Nothing in the copy should be a picture; everything else in the listing is to be restated exactly.
(Data provided)
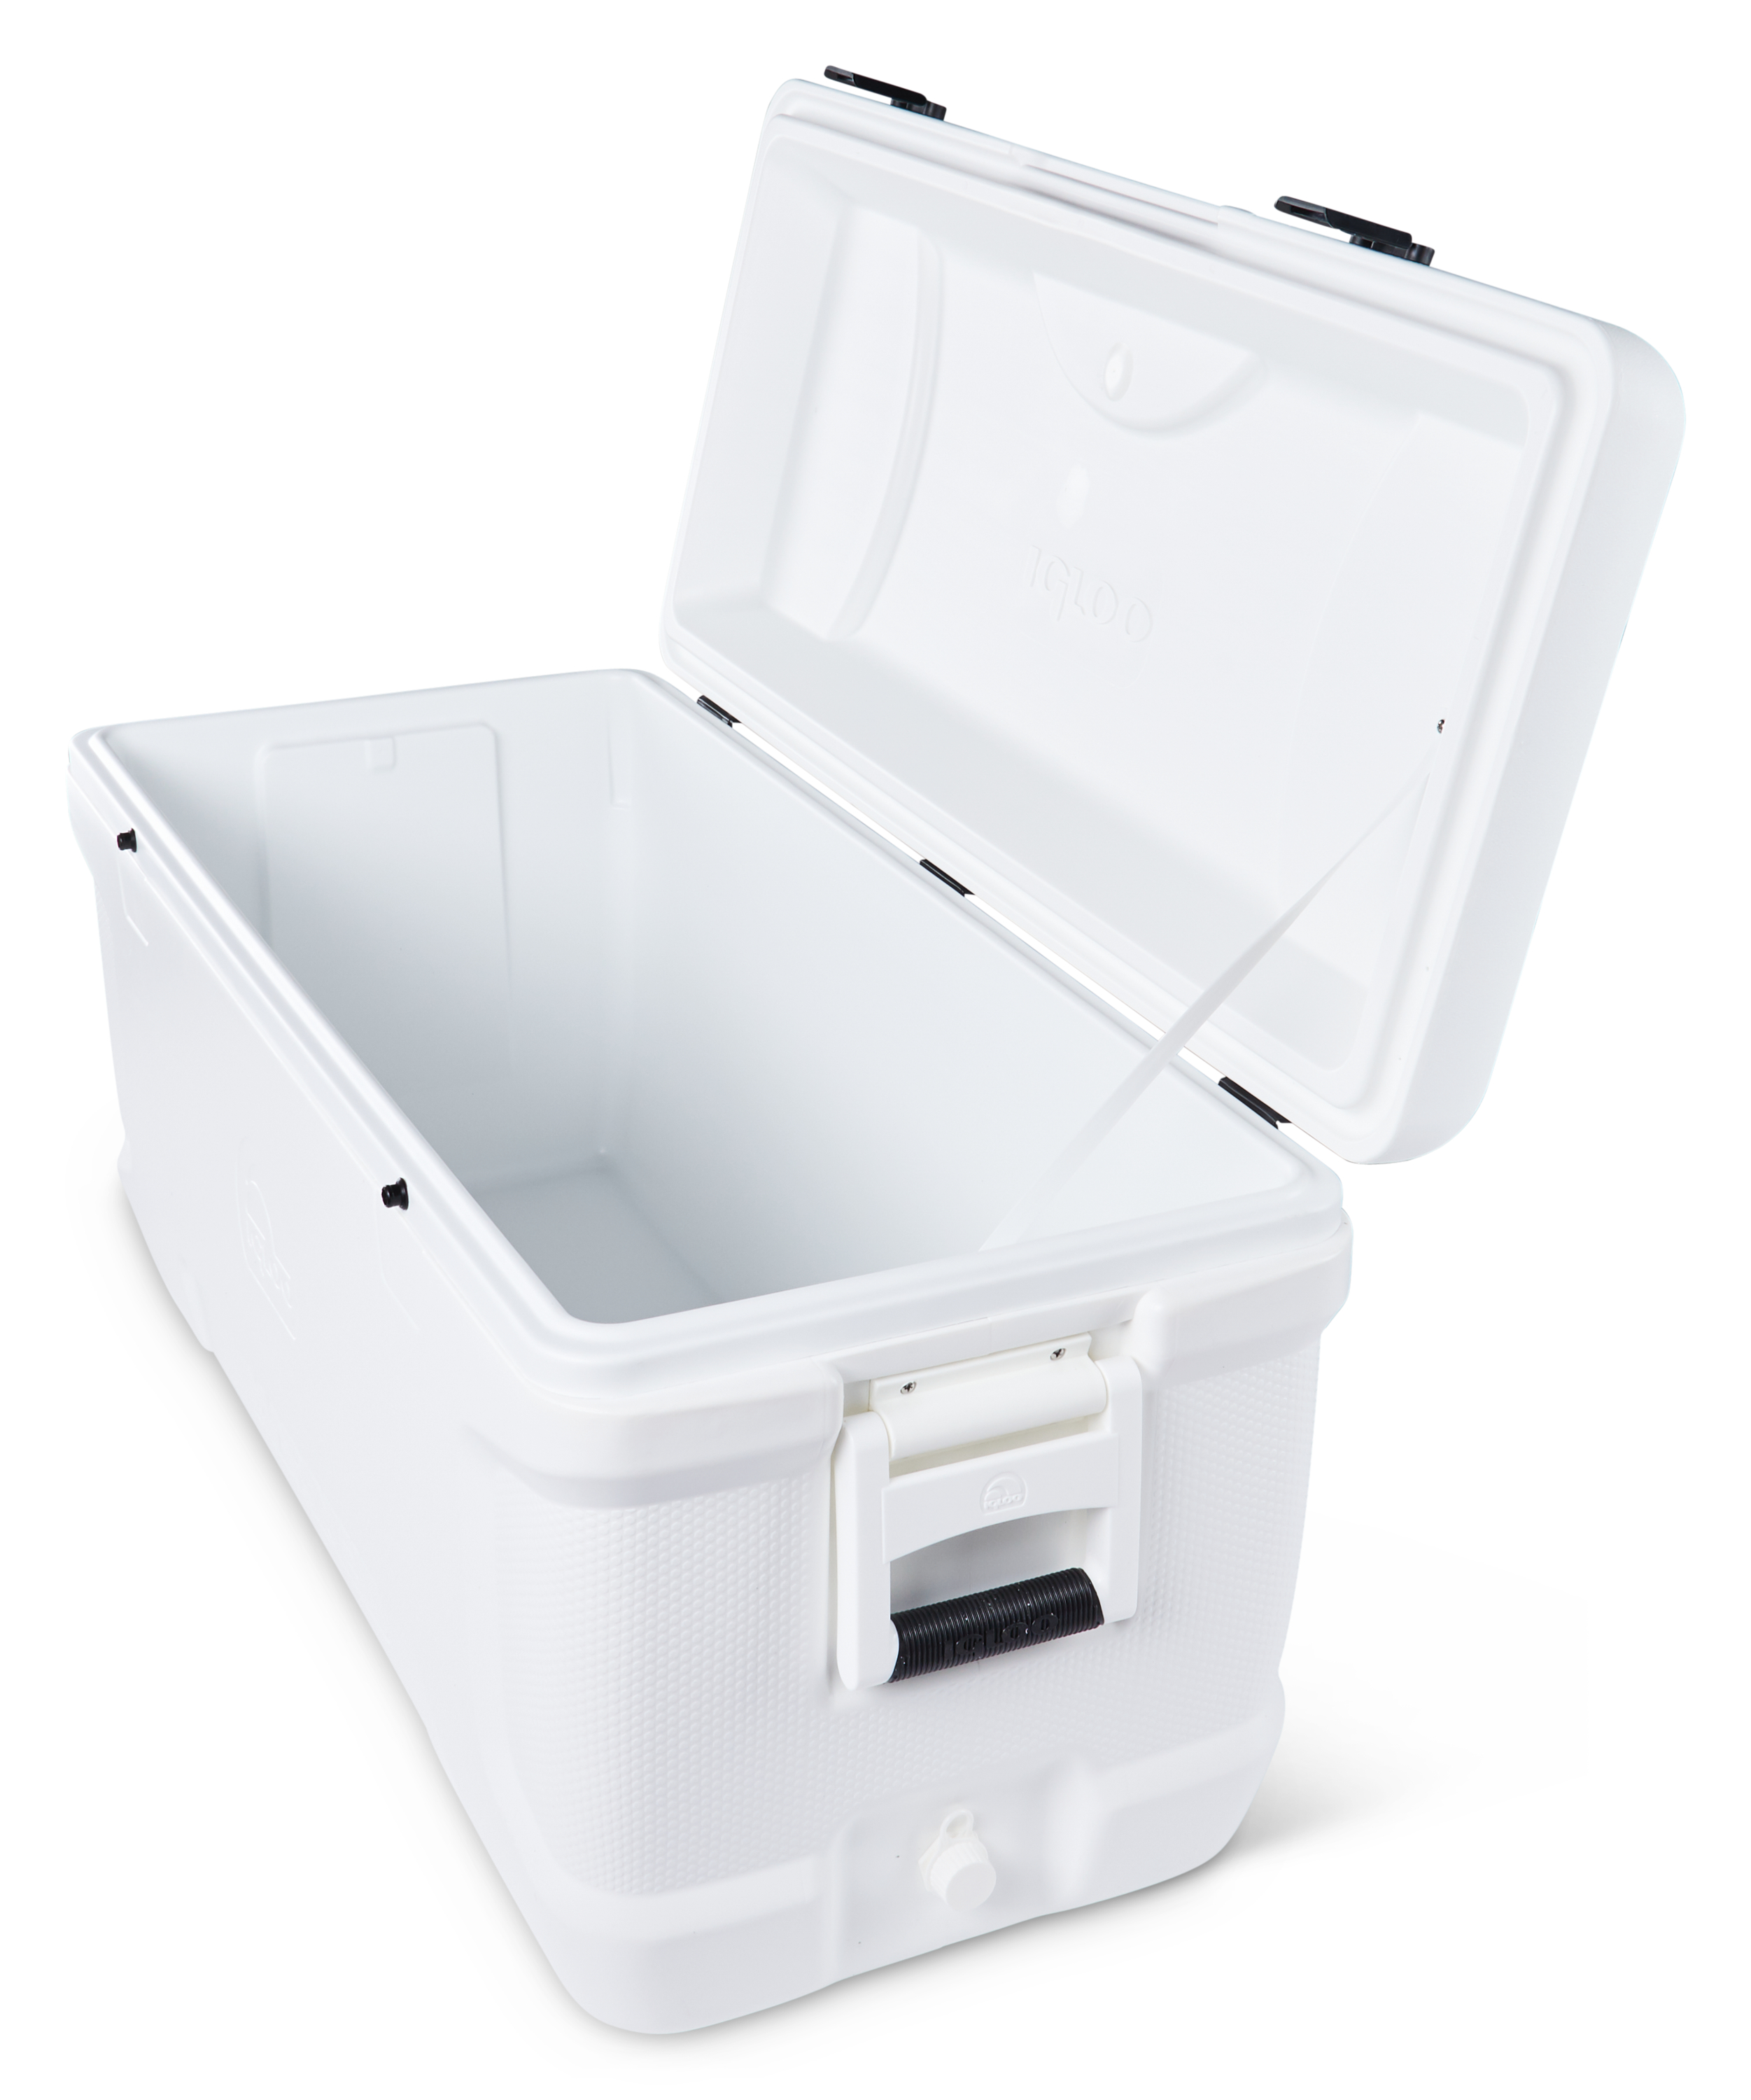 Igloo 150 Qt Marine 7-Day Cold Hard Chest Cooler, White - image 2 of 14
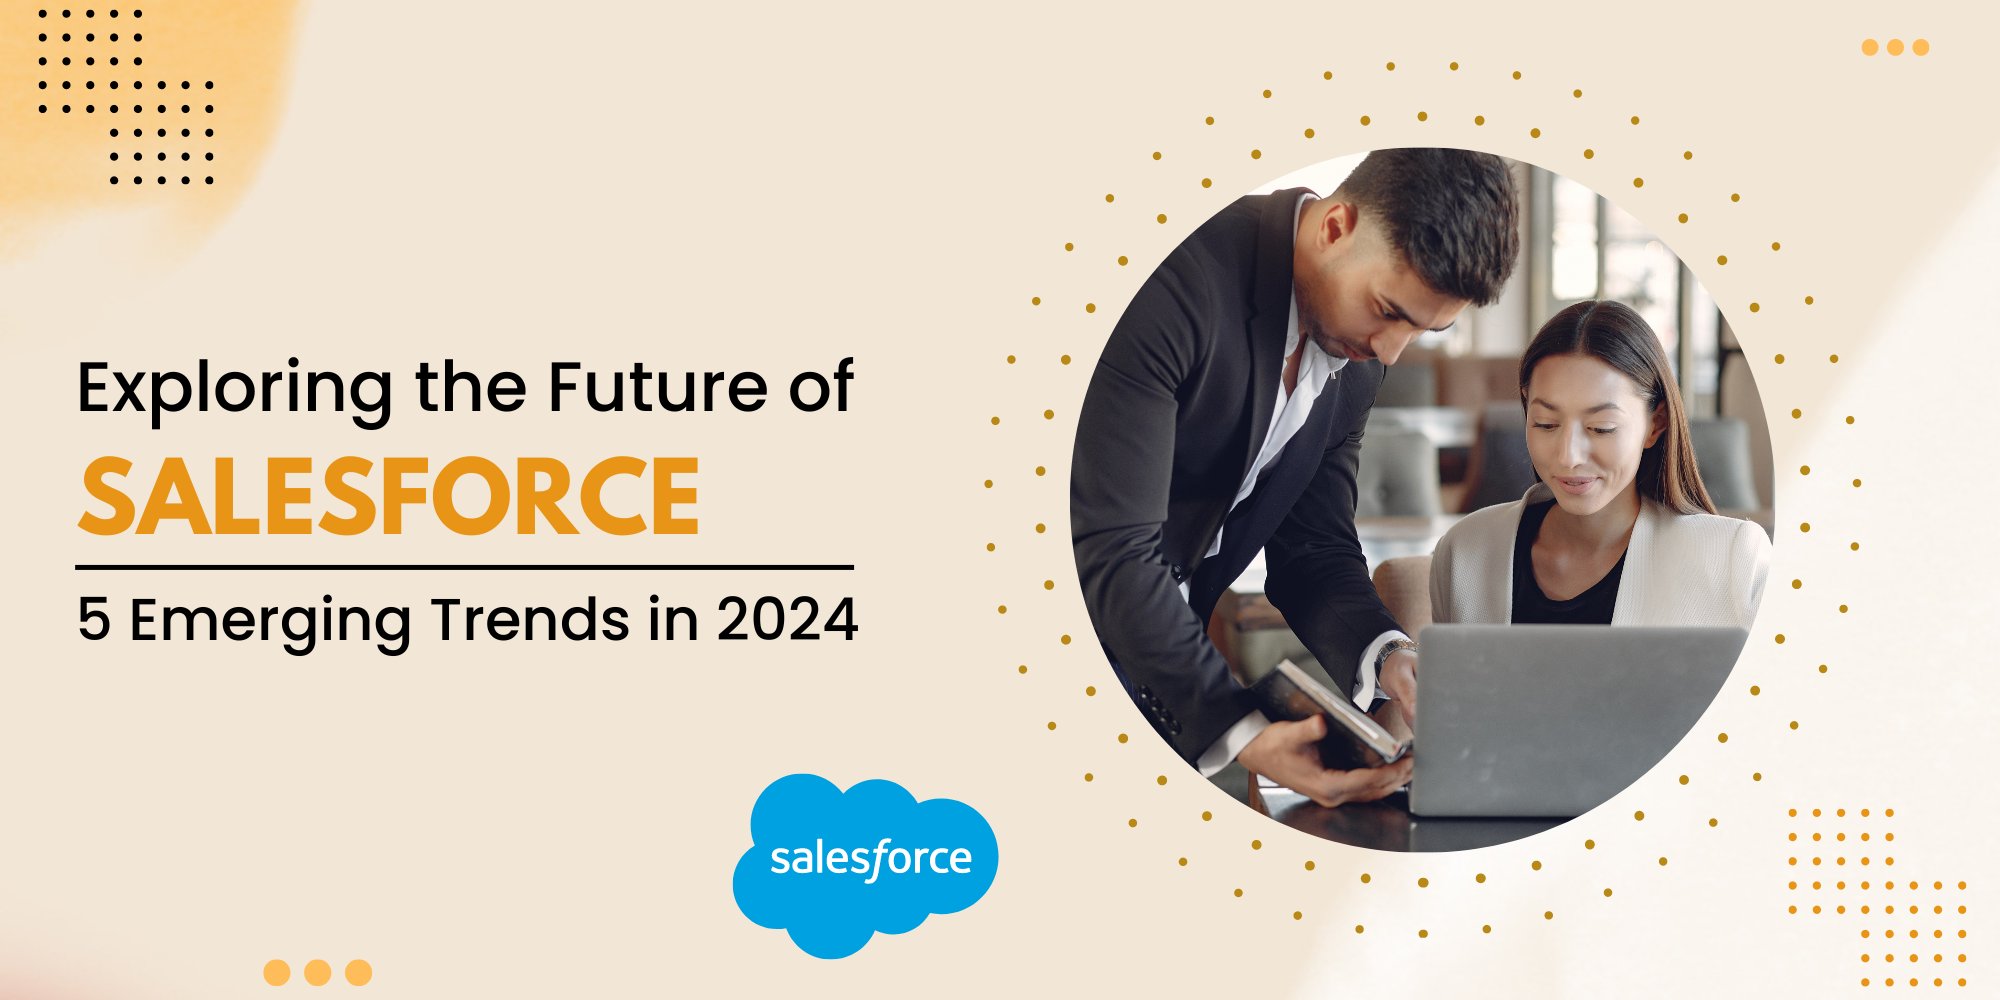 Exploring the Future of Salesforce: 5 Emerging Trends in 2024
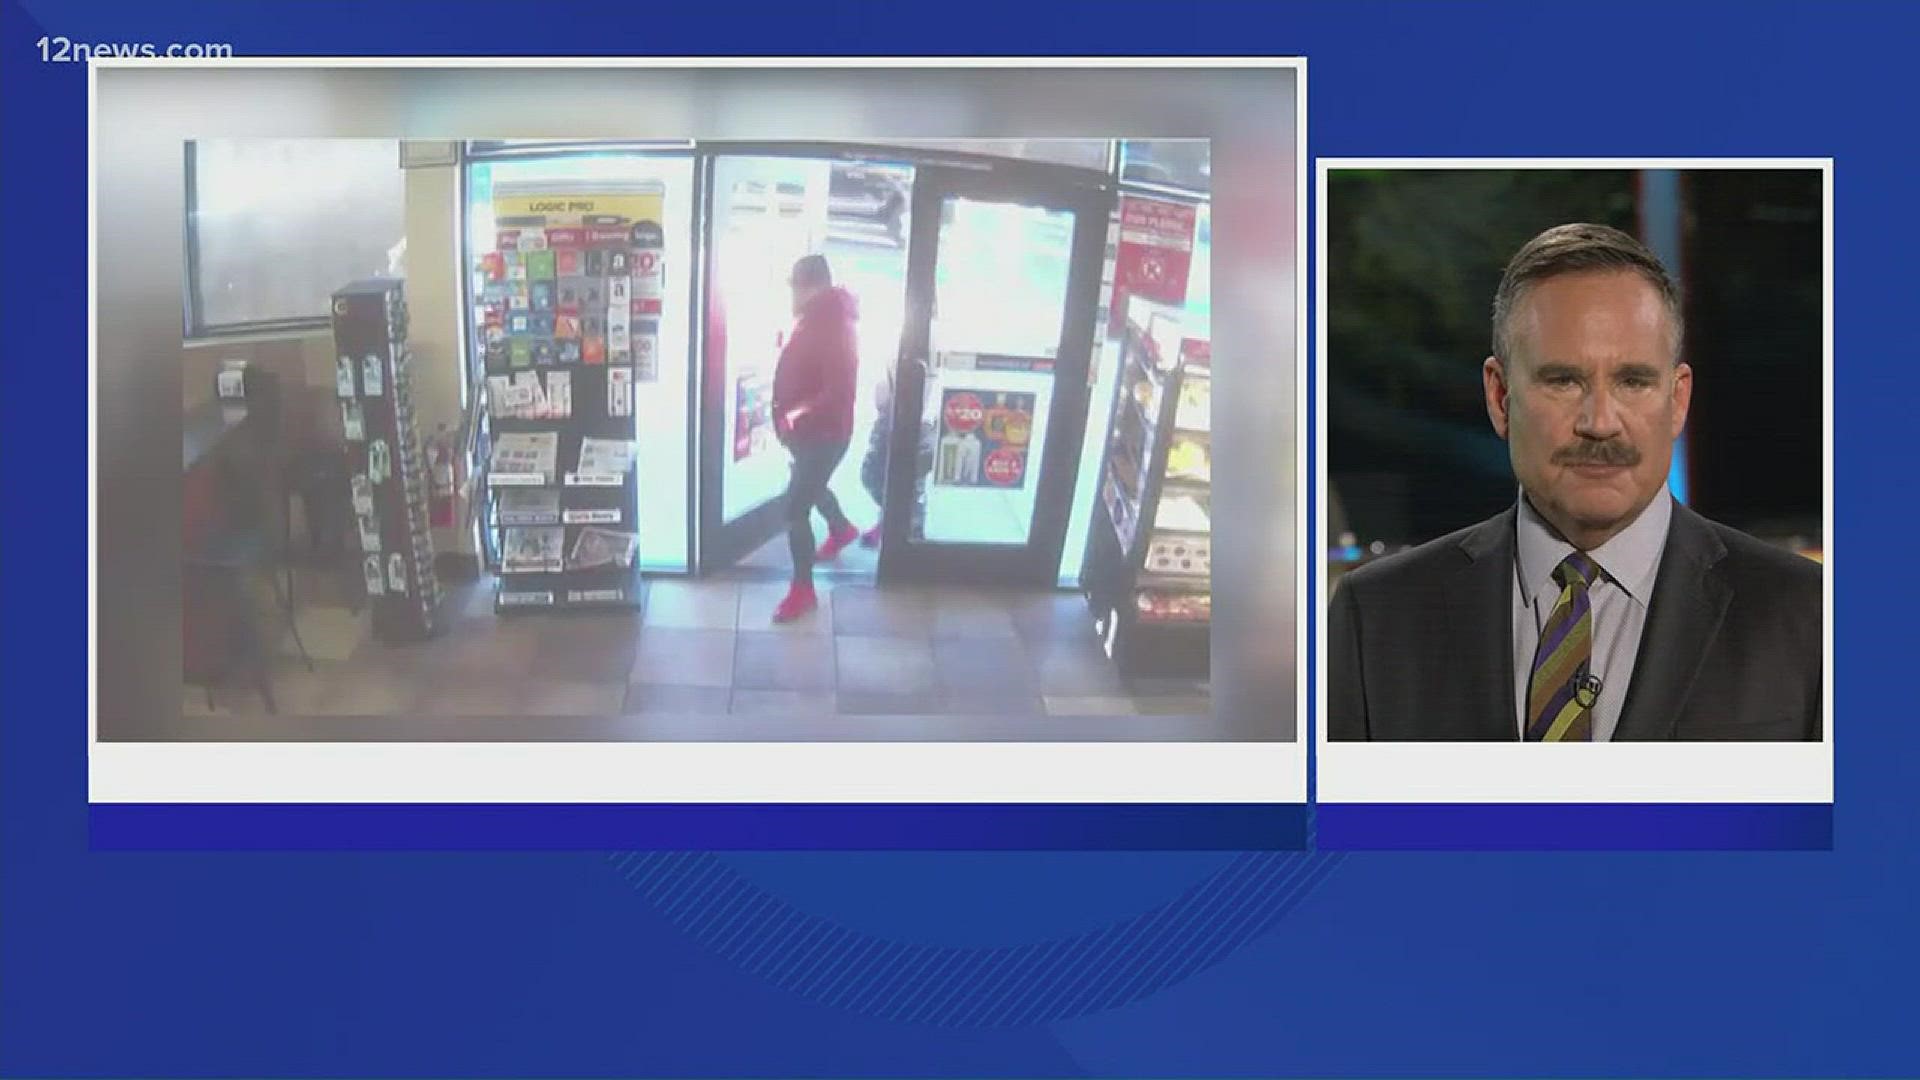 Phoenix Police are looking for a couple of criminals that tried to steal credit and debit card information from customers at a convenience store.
(End Data provided)
:: Result ::
 Igloo 150 Qt Marine 7-Day Cold Hard Chest Cooler, White - image 2 of 14
 Exploring the Future of Salesforce: 5 Emerging Trends in 2024
 Phoenix Police are looking for a couple of criminals that tried to steal credit and debit card information from customers at a convenience store.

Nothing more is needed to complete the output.